Kim Anderson would have none of it.

"I told her if she stayed, I would just die today."

Anderson admits she is weak already from the cancer. The stress of the past week has kept her from getting much sleep. Eating a restrictive diet amid irregular hours has taken its toll as well. She said it's hard for her to conceptualize that it's been a week since the shooting occurred. Her voice is soft and weary when she speaks.

The family's life for the week has been six-hour routines. Kim Anderson stays with Petra from 6 a.m. to noon, with Hogan, Petra's boyfriend of two years, coming in to play music in the morning. From noon to 6 p.m., it's a rotation of family and friends, including Chloe Anderson. From 6 p.m. to midnight, Petra's father — recently divorced from Kim — takes the shift.

At Kim Anderson's house, family and friends are cleaning and disinfecting the rooms for her return after a stop in a rehabilitation facility.

But with the Andersons, the conversation always returns to music.

They were excited to learn that her alma mater, the University of the Pacific, is hosting a benefit concert in late August to help with the medical bills. The program will consist of music entirely written by Petra. Another benefit concert will happen at the Interlochen Center for the Arts in Michigan.

The 'incident' • Chloe Anderson is exhausted and picking at a chocolate chip cookie with a dollop of ice cream at a local pizza joint.

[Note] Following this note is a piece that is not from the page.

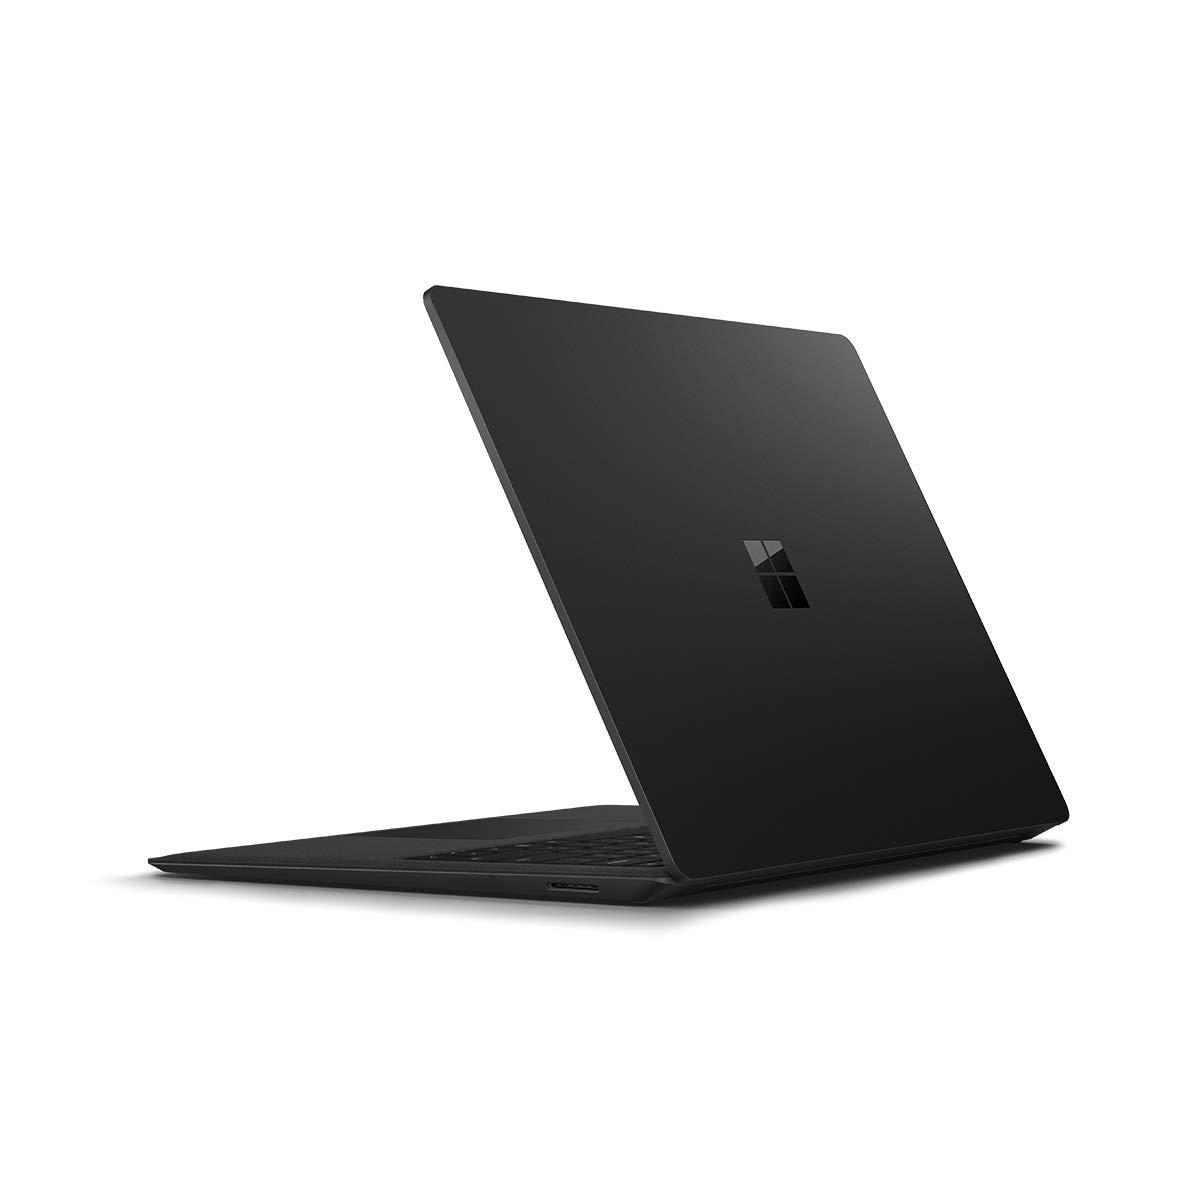 Microsoft Surface Laptop 2 (Intel Core i7, 8GB RAM, 256 GB) - Black Newest Version

It's Wednesday night — just five days after the shooting — and her voice is strained from exhaustion. Robyler, the family friend who came from Texas to help out, is the schedule master for the family, and he is anxious for her to get some rest.

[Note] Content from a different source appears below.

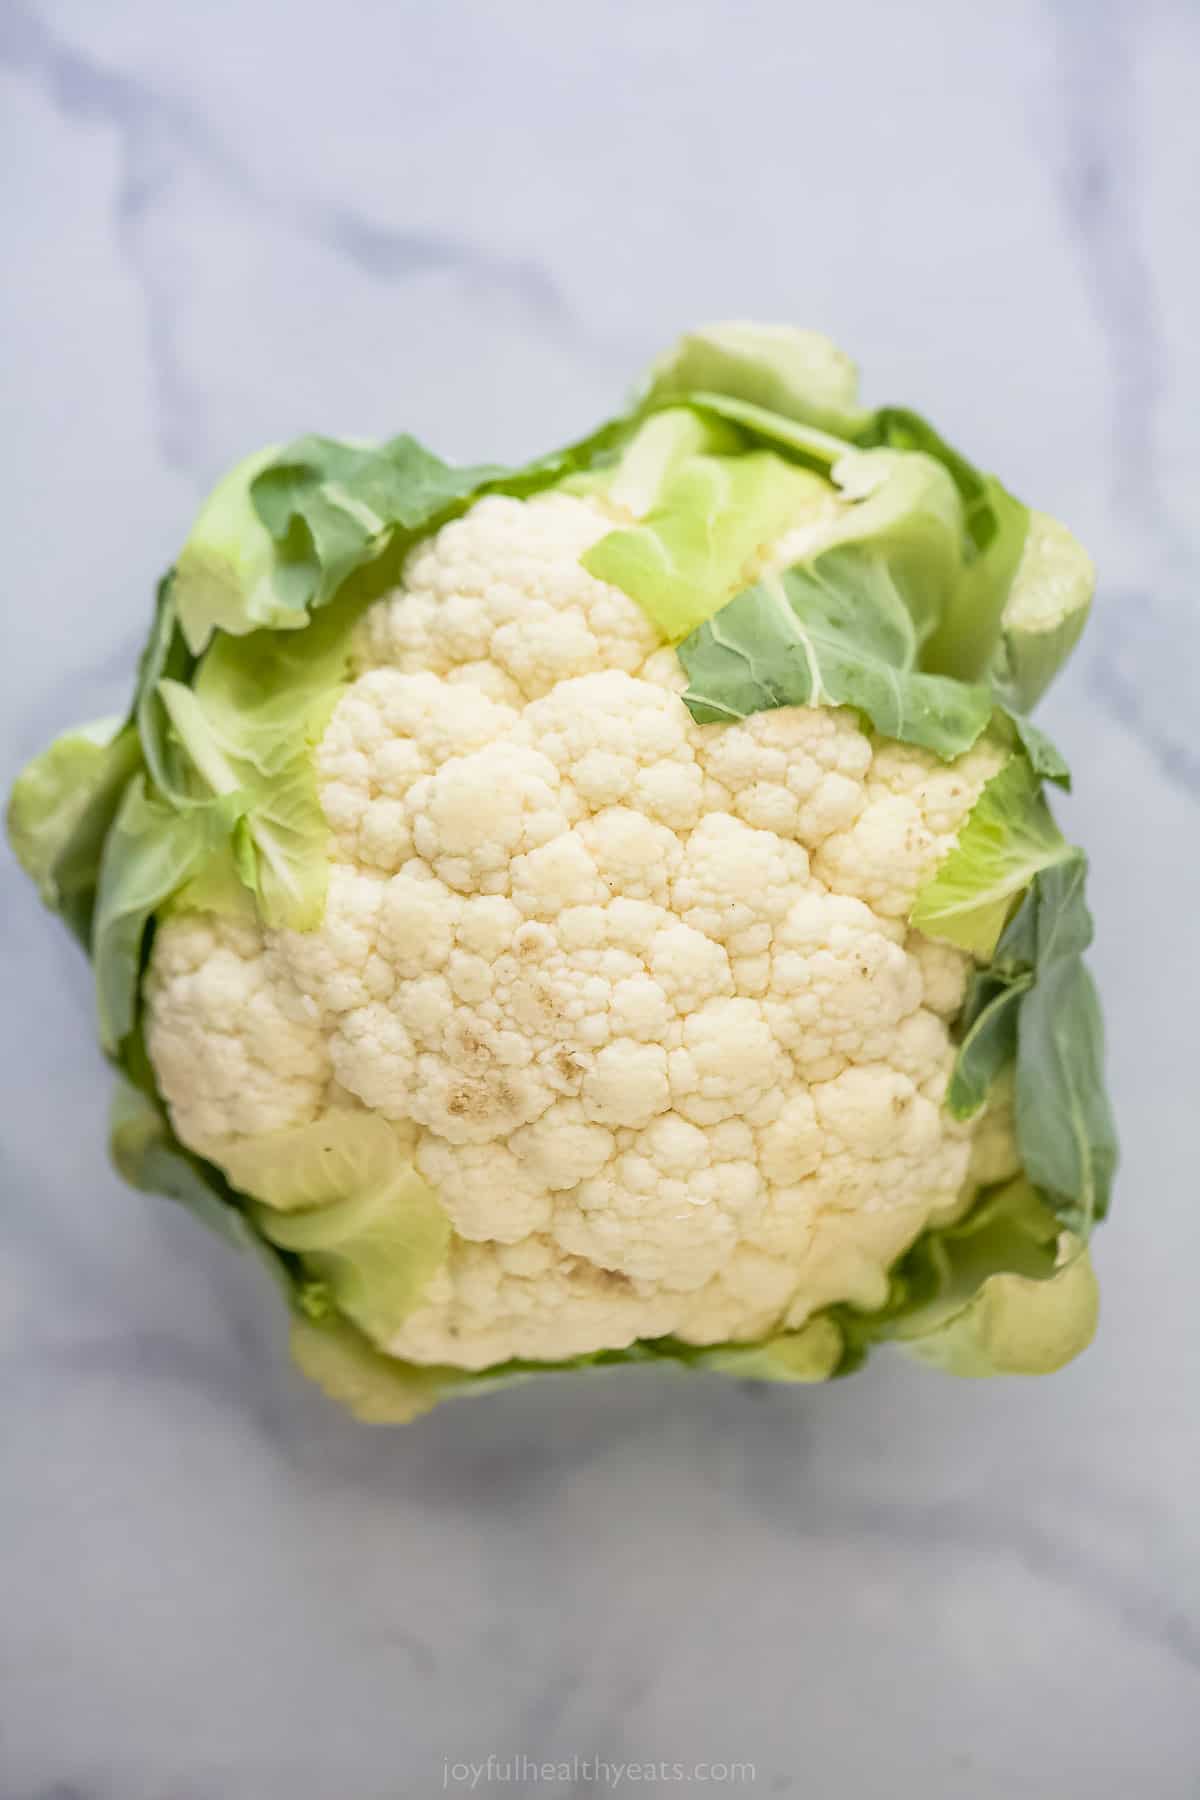 a whole cauliflower

But the 25-year-old has things to say. She replays in her mind the moments when she learned about the shooting and how she was told what her sister's medical status was.

" 'Breathing' is the word they used," Chloe Anderson said.

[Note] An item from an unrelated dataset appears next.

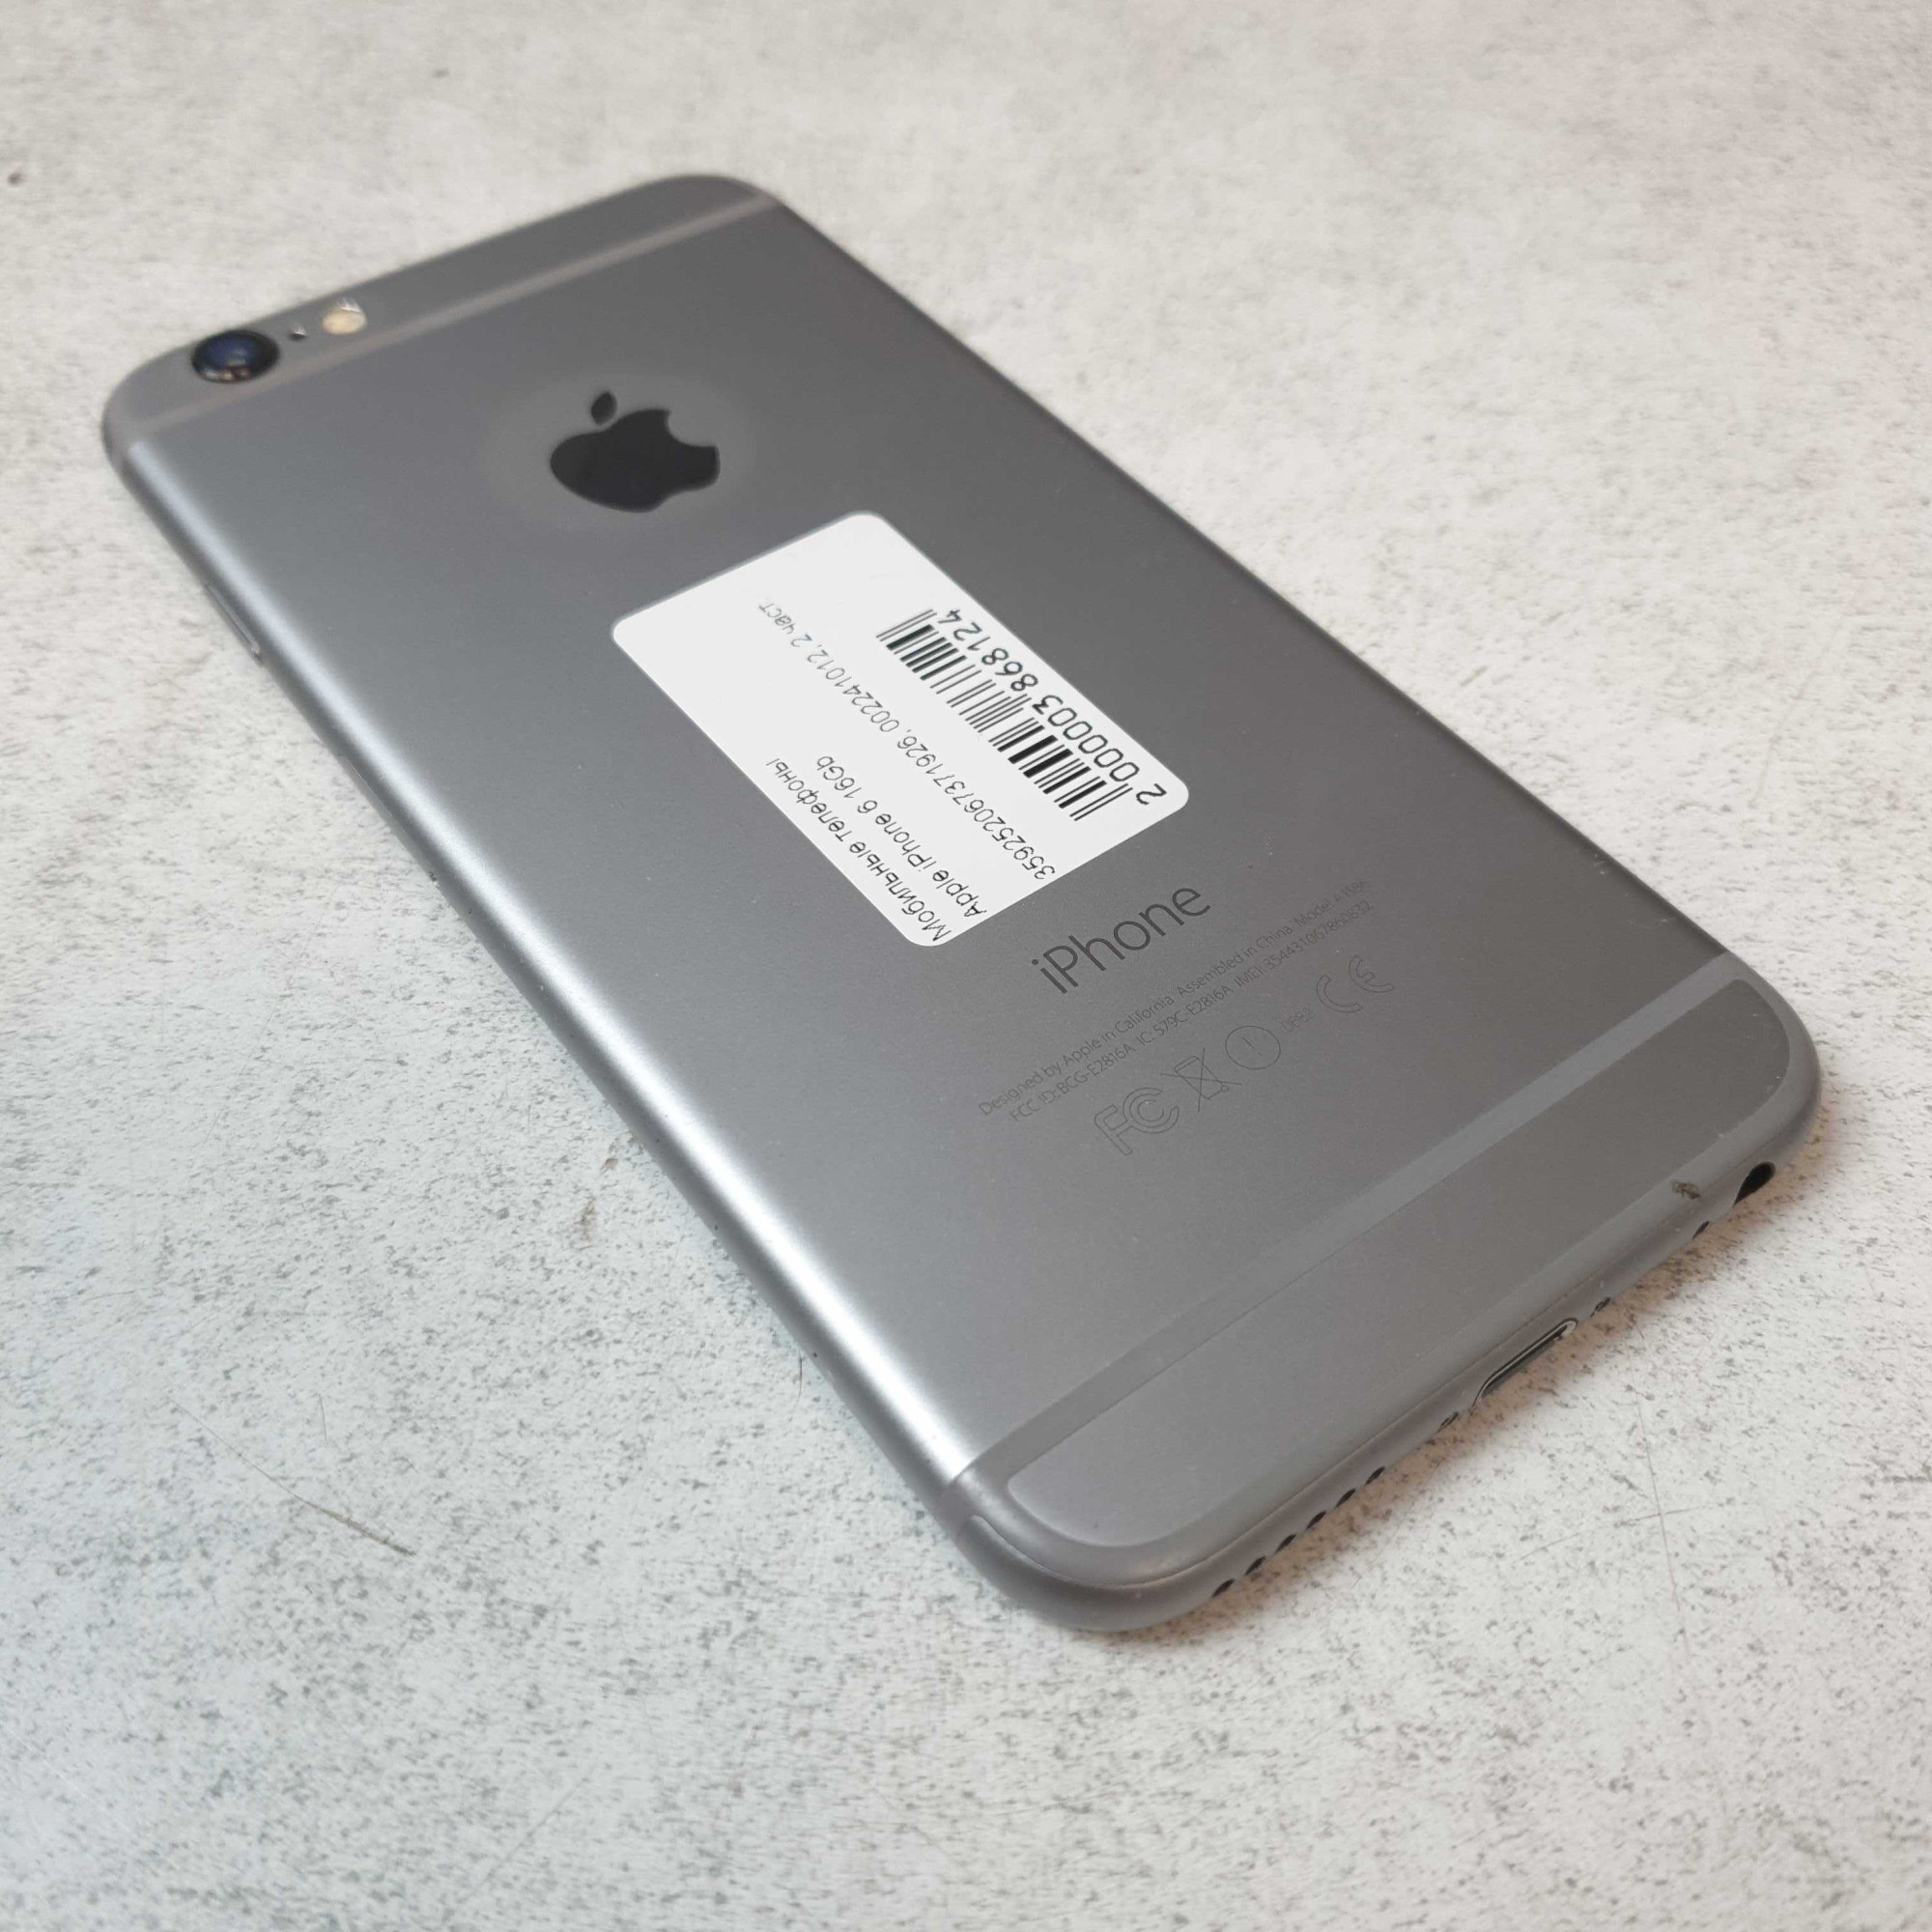 Apple iPhone 6 16Gb Space Gray  6

The worst part, she said, was when she was going into surgery. She heard the words from the operating team that sounded almost surreal to her.

" 'Say whatever you need to say to her,' " Anderson recalled. "I really didn't know what to say. So I just said, 'I love you and I'll see you when you're done.' "

When she did see her afterward, there was relief. She went home and cried tears of exhaustion and relief. Then, in a defiant move to show the shooter that she wasn't going to be bullied or fearful, she went to a movie theater to watch "The Dark Knight Rises." A different venue a few miles away, but the same theater number where the shooting occurred — Theater Number 9.

She sat in the front row, too.

Anderson said it felt OK to her — though a few scenes made her a little jumpy. She tried to imagine what her sister saw. When her mother asked Petra what she remembered days after the shooting, it was a groggy answer aided by trauma and painkillers.

"There was smoke. Then Batman came off the screen and started shooting people," Kim Anderson recalled.

Great expectations • Kim Anderson has little doubt that her daughter, who composed music using a computer but also would use pen and paper while hopping from keyboard to piano, will write a piece about the theater shooting. Already, Petra Anderson had written a piece called "Salute" while at the University of the Pacific that featured seven vocalists and a full orchestra that played to a slide show based on letters written during every American war.

Chloe Anderson said her sister was always creating music compositions — many times from concepts swirling in her head. One, she remembered, was based on placing an arm on the piano keys and hearing the crash of the discordant notes. It explored the decay of those notes as they left the piano. She called it "Penumbra" — a shadowy, marginal or indefinite area.

And, for a few days, that's right about where Petra and her family lived.

But Kim Anderson now sees her daughter emerging from that existence as she heads to rehab.

"I have hope at the very least she will now function like she did before, and I believe she will," Kim Anderson said. "I expect great things from her."